IEEE Trans Cybern. 2013 Aug;43(4):1265-76. doi: 10.1109/TSMCB.2012.2227998.
For clustering biomedical documents, we can consider three different types of information: the local-content (LC) information from documents, the global-content (GC) information from the whole MEDLINE collections, and the medical subject heading (MeSH)-semantic (MS) information. Previous methods for clustering biomedical documents are not necessarily effective for integrating different types of information, by which only one or two types of information have been used. Recently, the performance of MEDLINE document clustering has been enhanced by linearly combining both the LC and MS information. However, the simple linear combination could be ineffective because of the limitation of the representation space for combining different types of information (similarities) with different reliability. To overcome the limitation, we propose a new semisupervised spectral clustering method, i.e., SSNCut, for clustering over the LC similarities, with two types of constraints: must-link (ML) constraints on document pairs with high MS (or GC) similarities and cannot-link (CL) constraints on those with low similarities. We empirically demonstrate the performance of SSNCut on MEDLINE document clustering, by using 100 data sets of MEDLINE records. Experimental results show that SSNCut outperformed a linear combination method and several well-known semisupervised clustering methods, being statistically significant. Furthermore, the performance of SSNCut with constraints from both MS and GC similarities outperformed that from only one type of similarities. Another interesting finding was that ML constraints more effectively worked than CL constraints, since CL constraints include around 10% incorrect ones, whereas this number was only 1% for ML constraints.

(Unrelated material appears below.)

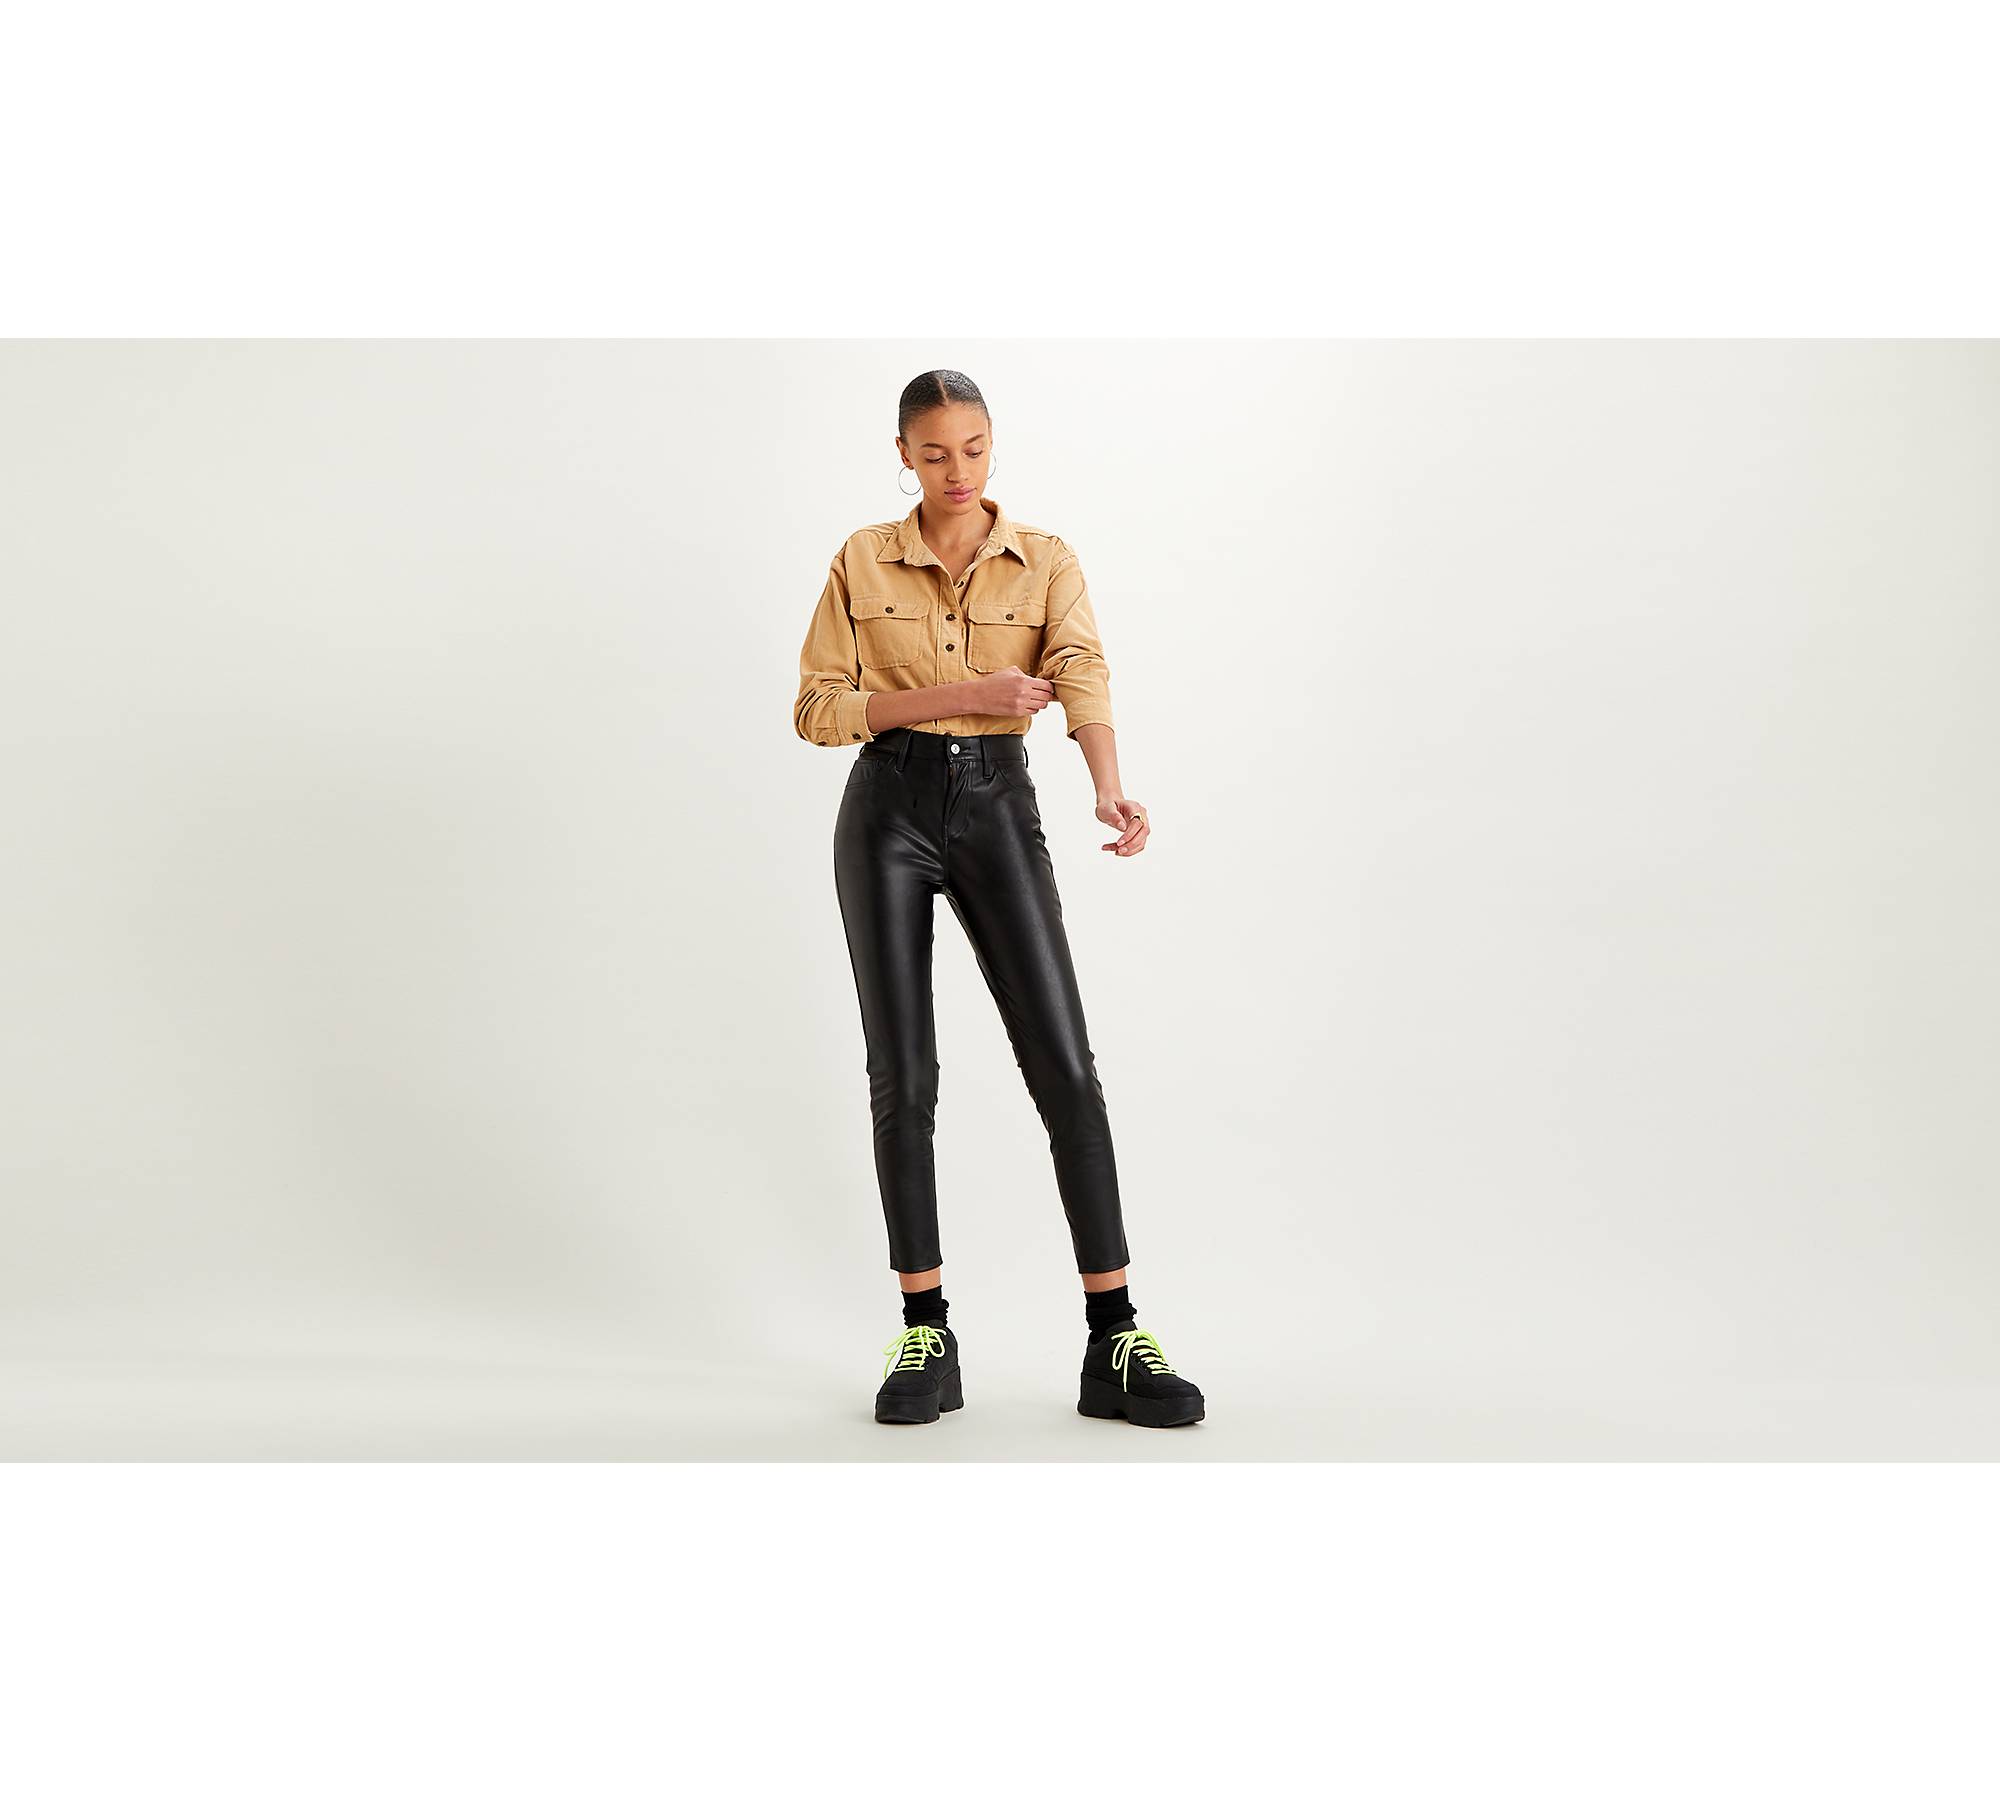 Skinny fit: faux leather trousers - black

对于生物医学文献的聚类,我们可以考虑三种不同类型的信息:来自文档的局部内容 (LC) 信息、来自整个 MEDLINE 集合的全局内容 (GC) 信息,以及医学主题词 (MeSH)-语义 (MS) 信息。以前用于聚类生物医学文档的方法不一定能有效地整合不同类型的信息,这些方法只使用了一种或两种类型的信息。最近,通过线性组合 LC 和 MS 信息,提高了 MEDLINE 文档聚类的性能。然而,由于组合不同类型信息(相似度)的表示空间有限且可靠性不同,简单的线性组合可能效果不佳。为了克服这一限制,我们提出了一种新的半监督谱聚类方法,即 SSNCut,用于对 LC 相似度进行聚类,并采用了两种约束:具有高 MS(或 GC)相似度的文档对的必须链接 (ML) 约束,以及具有低相似度的文档对的不可链接 (CL) 约束。我们通过使用 100 个 MEDLINE 记录数据集,对 SSNCut 在 MEDLINE 文档聚类中的性能进行了实证研究。实验结果表明,SSNCut 优于线性组合方法和几种著名的半监督聚类方法,且具有统计学意义。此外,同时使用 MS 和 GC 相似度约束的 SSNCut 性能优于仅使用一种相似度约束的 SSNCut。另一个有趣的发现是,ML 约束比 CL 约束更有效,因为 CL 约束中包含约 10%的错误约束,而 ML 约束中只有 1%。